Surely even this short discussion of only one modified design among a dozen or more begins to show how far we could take a thorough discussion of the potential for each hook. Again, no hook does it all perfectly, although many hooks can do most of it well.
The classic wide-gap design has long been one of the most popular catfish hooks in many areas of the country, used by anglers in those areas as an all-around hook for most fishing situations. The unusual design of this hook style, however, sets it far apart from all-purpose hooks like the Mustad 92671, Eagle Claw 84, or O’Shaugnessy. As one might therefore expect, they work superbly in some situations, modestly in others.

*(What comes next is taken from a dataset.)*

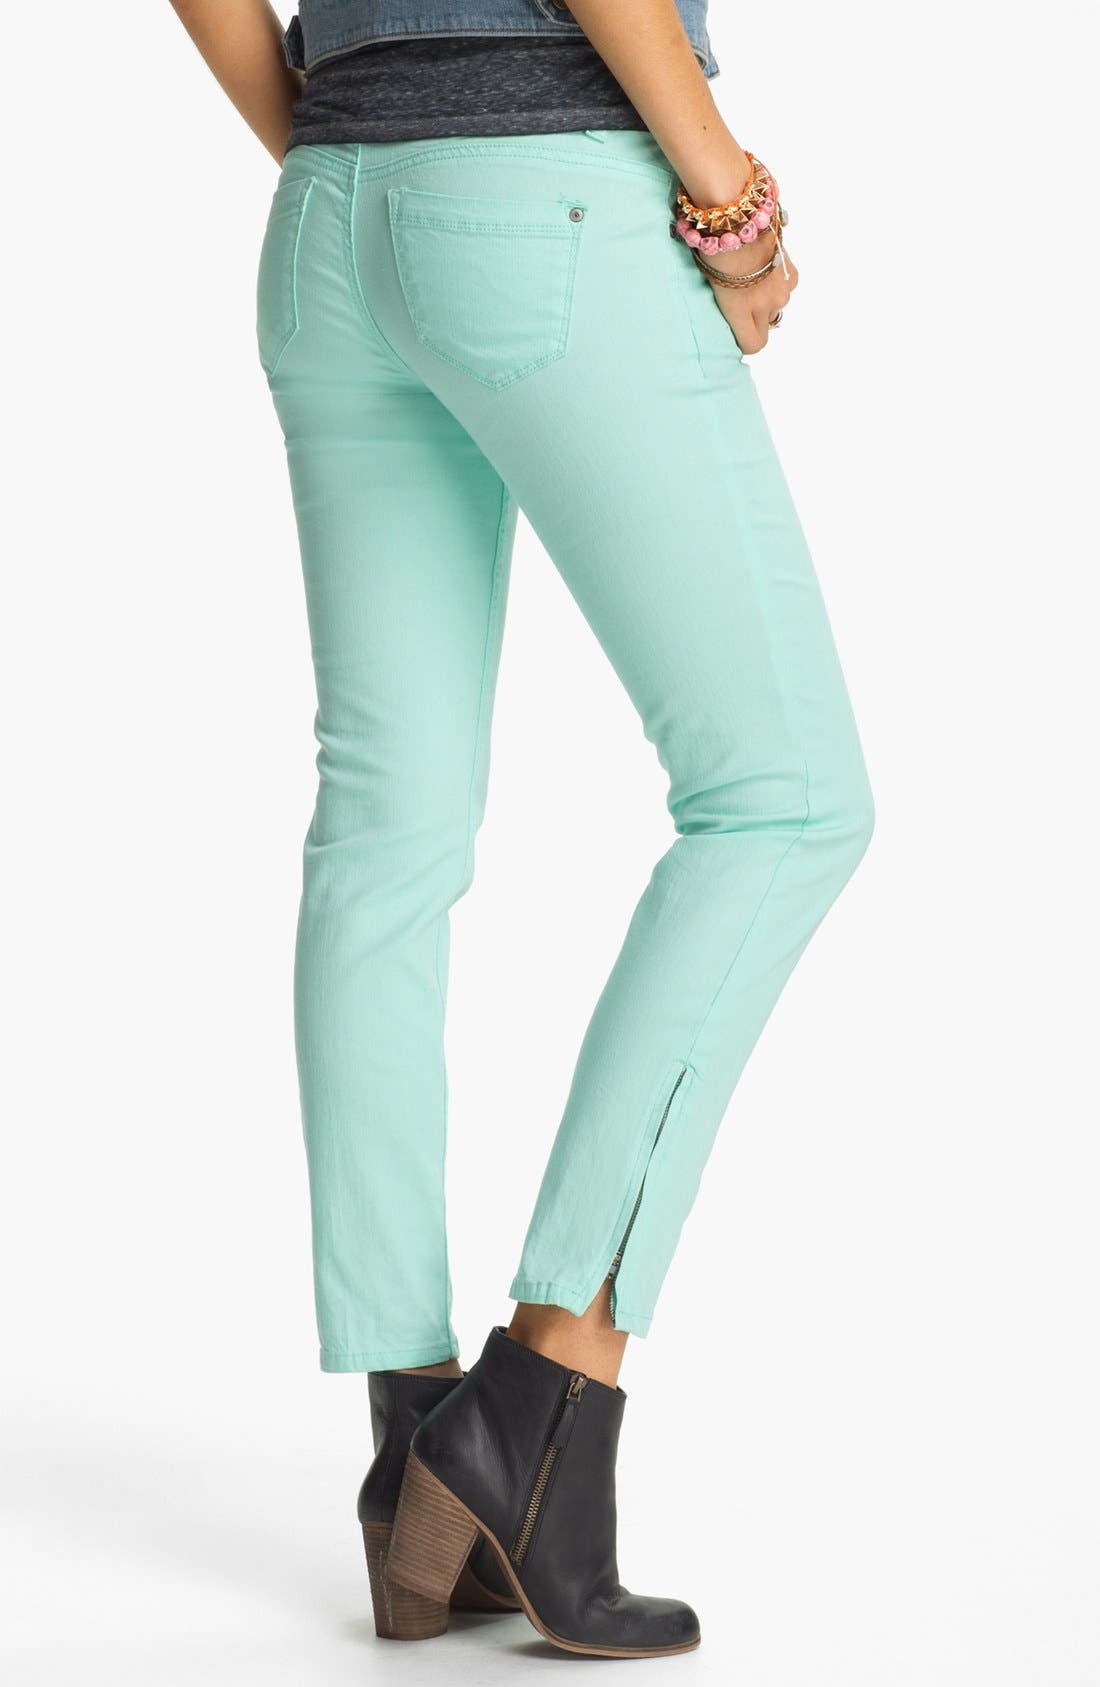 JOLT Ankle Zip Skinny Jeans, Main, color, 337
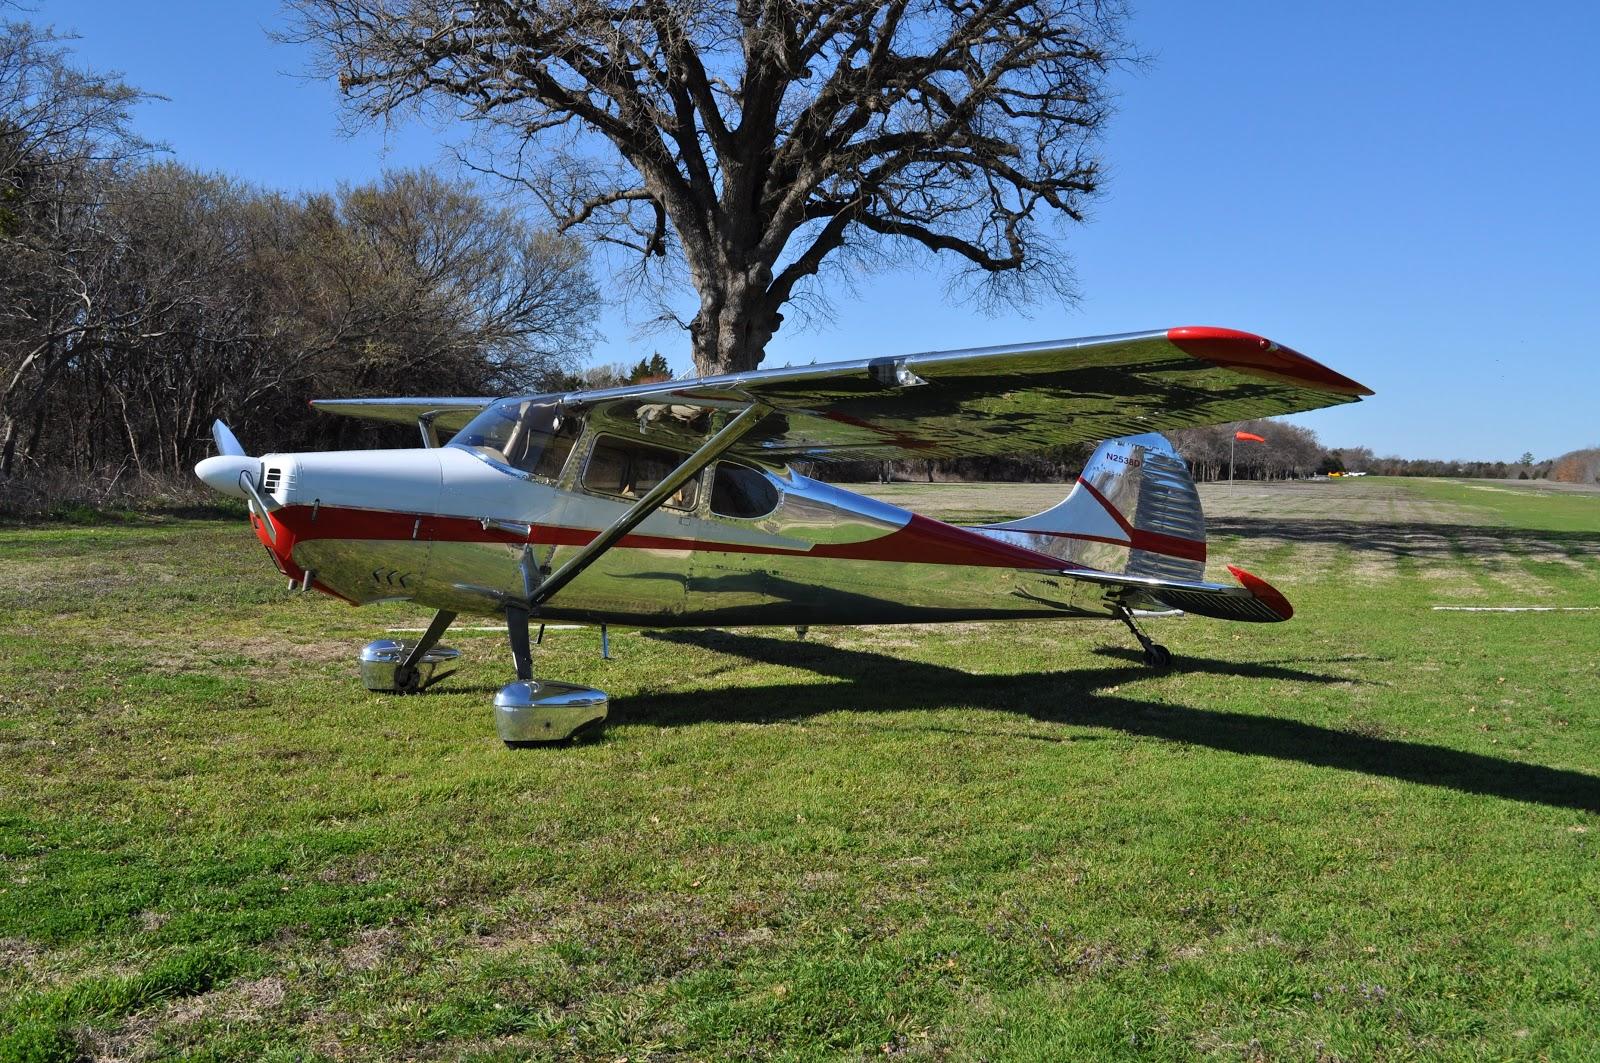 Cessna N2538d

This design is, by the way, often called a Kahle. The term Kahle, though, technically applies only to the wide-gap design offered by Eagle Claw. Kahle is the registered trademark for their wide-gap hooks. So the wide-gap designation is more accurate for the range of hooks that fall within this category.
Most companies offer a range of wide-gap hooks. Eagle Claw offers the L141 in sizes from 12 through 7/0. Mustad offers the 37140 (and 37160) in sizes from 14 through 6/0. VMC offers their 9800 in sizes from 14 through 6/0, and Gamakatsu their “shiner hook” from 6 through 6/0.
In smaller sizes for use with nightcrawlers, cut up minnows, or grasshoppers, I would chose the wide-gap design every time over a hook like the Aberdeen. The wide gap is a much sturdier design and hooks fish as well or better than the Aberdeen. In larger sizes, the wide gap is easily the best design for presenting a bunch of smaller chunks of cutbait all packed on the same hook. The presumed advantage is the additional scent or taste offered by the extra chunks that wouldn’t fit on all-around hooks.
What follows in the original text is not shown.